▶ _Exercise goal_
Within the entries below, output exactly the lines between the line containing "Campus Creek Cottages" and the line containing "Image appartement à", inclusive, and omit any picture.

▶ _Source material_
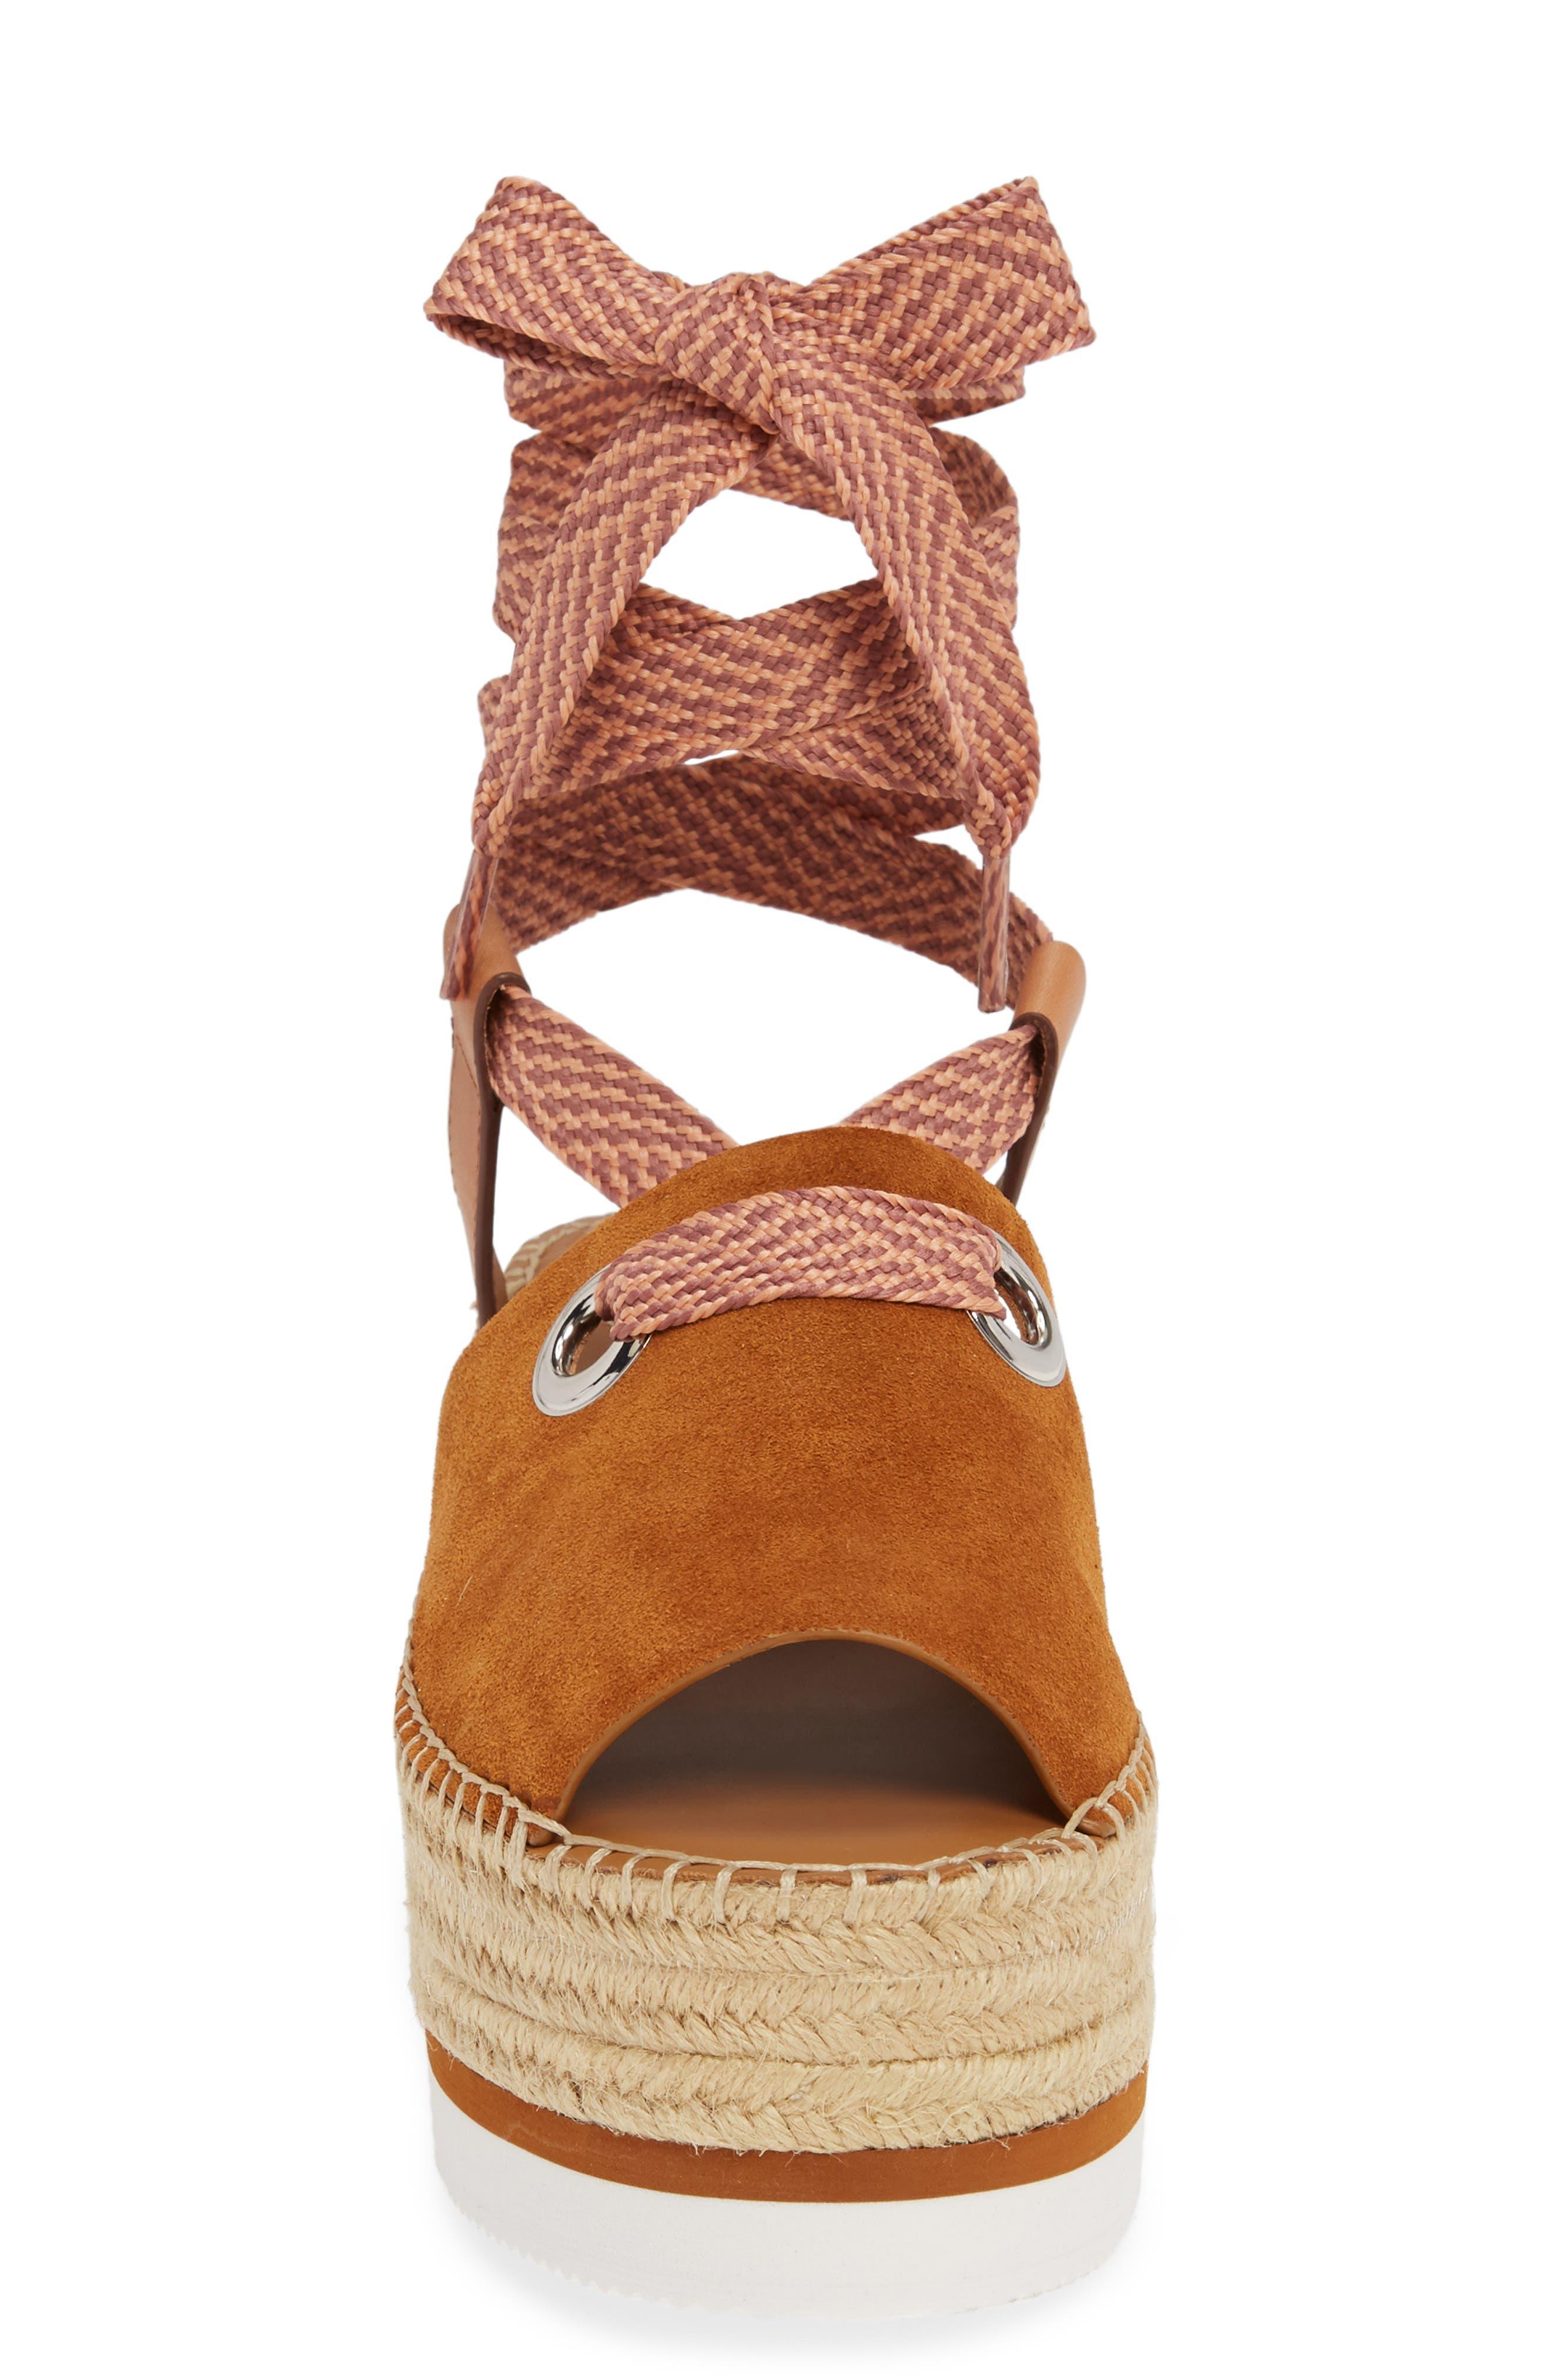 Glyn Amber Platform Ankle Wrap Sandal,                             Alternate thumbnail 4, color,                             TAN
---
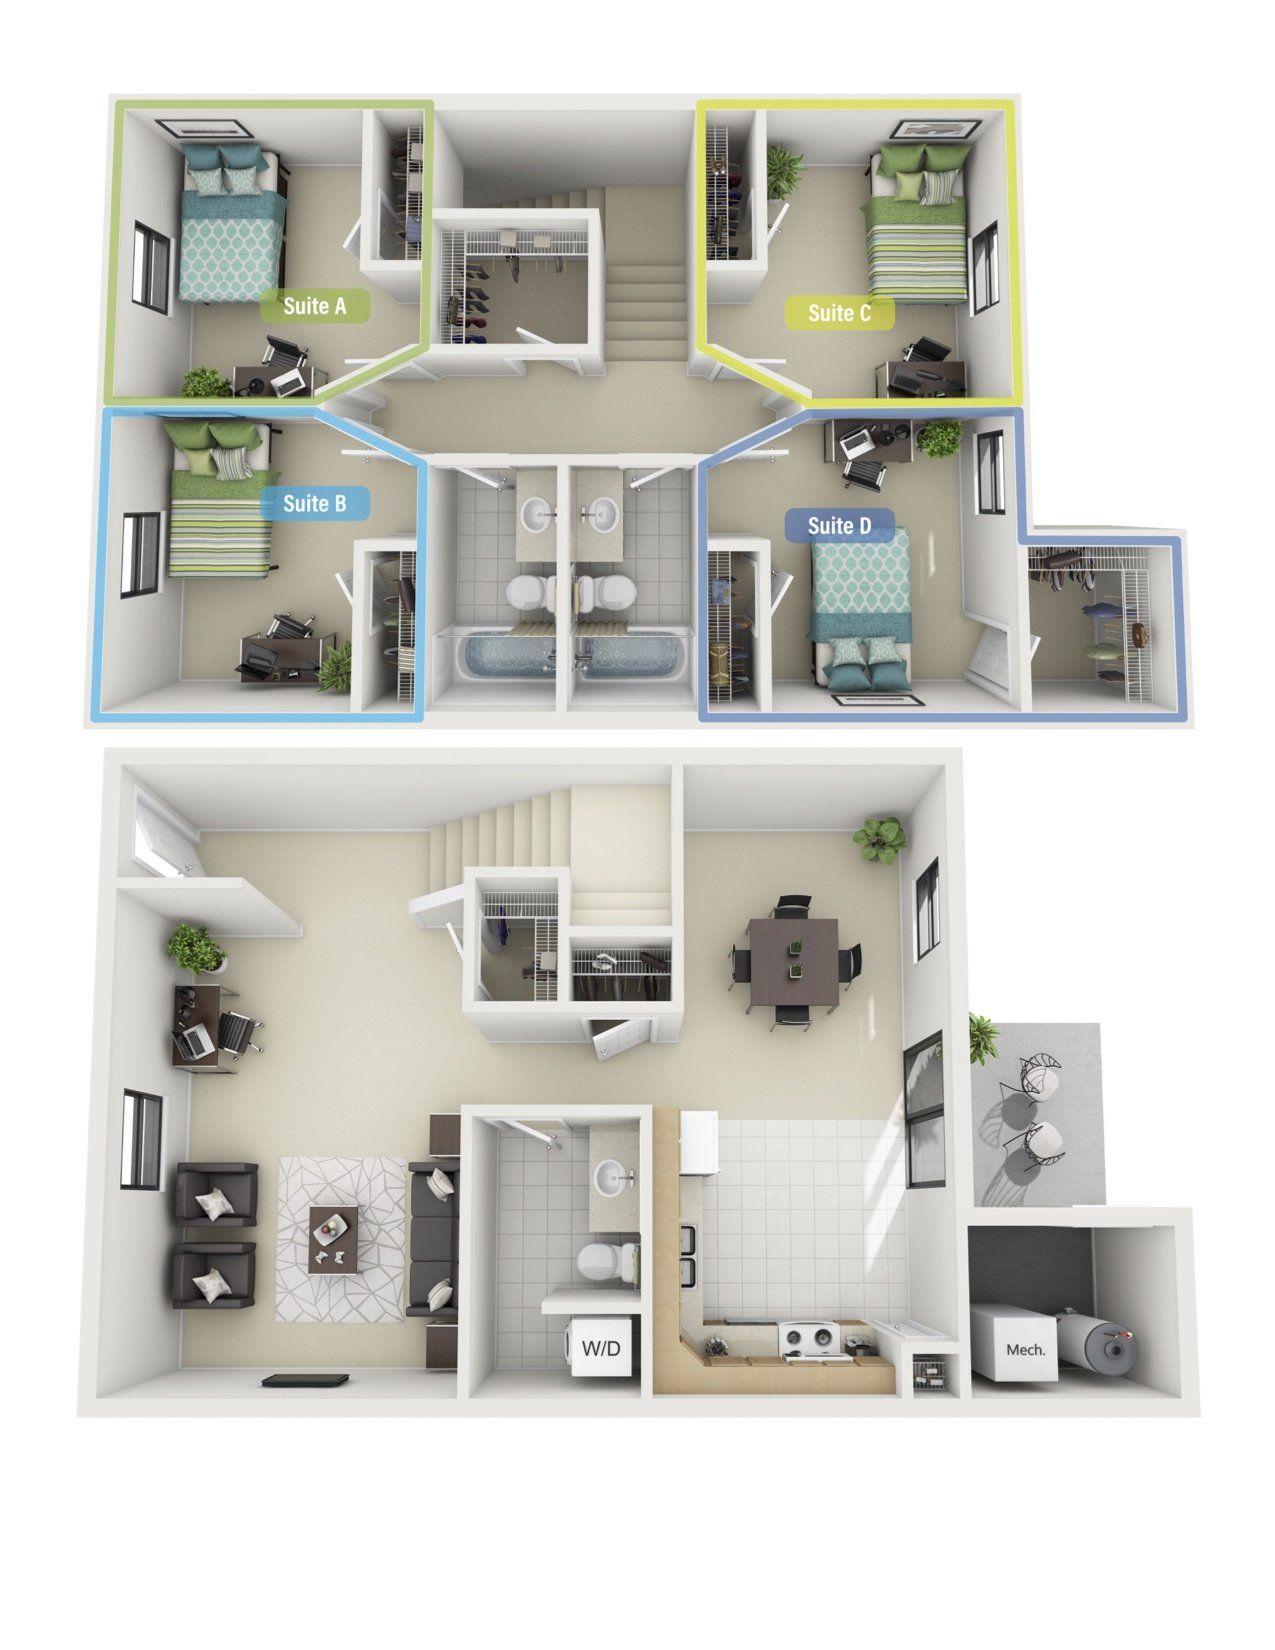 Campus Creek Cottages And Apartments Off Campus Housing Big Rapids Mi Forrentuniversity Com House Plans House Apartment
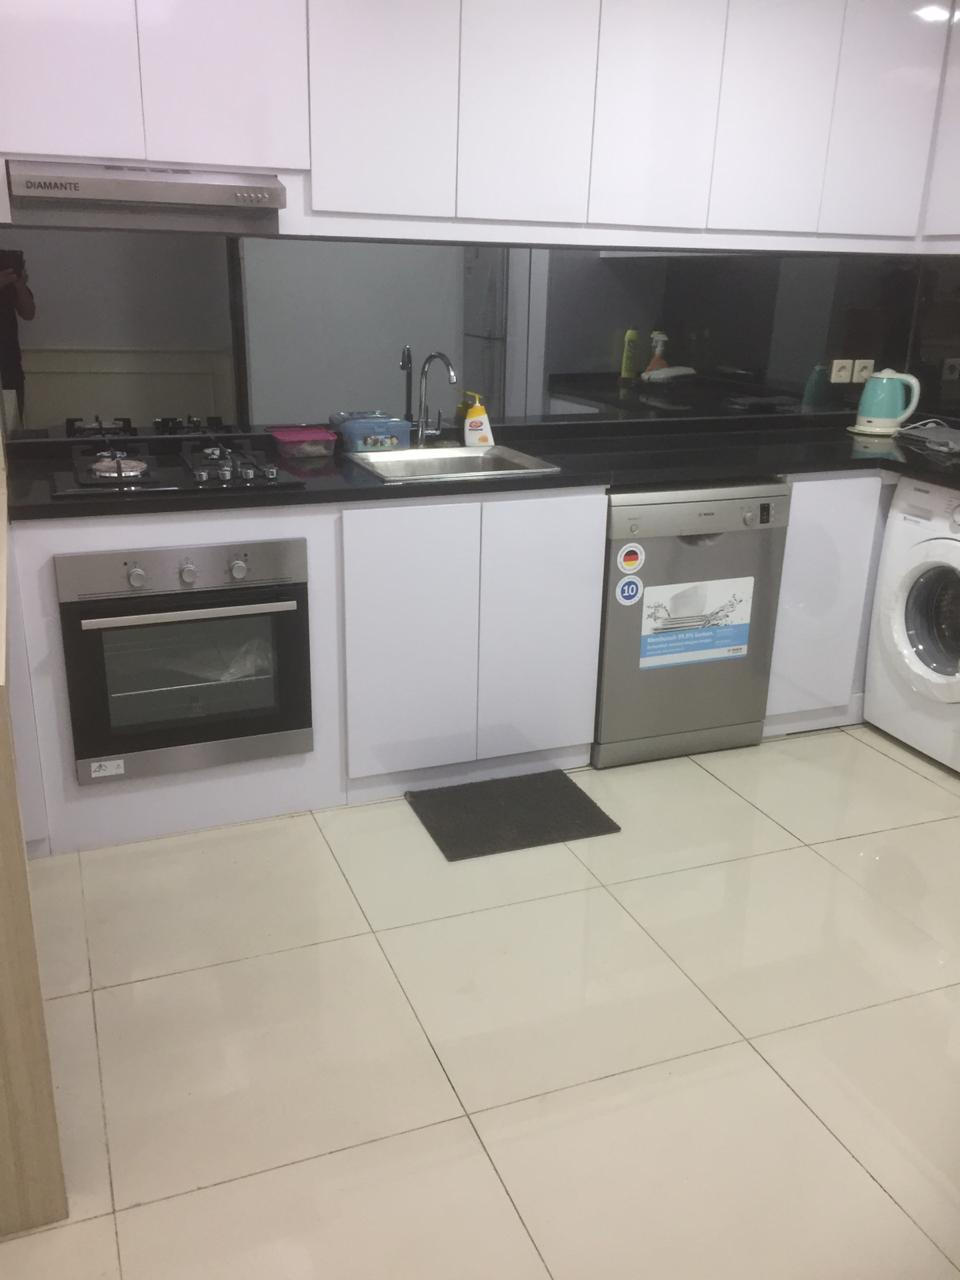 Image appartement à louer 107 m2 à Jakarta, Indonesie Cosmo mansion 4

▶ _Reply to the task_
 Campus Creek Cottages And Apartments Off Campus Housing Big Rapids Mi Forrentuniversity Com House Plans House Apartment
 Image appartement à louer 107 m2 à Jakarta, Indonesie Cosmo mansion 4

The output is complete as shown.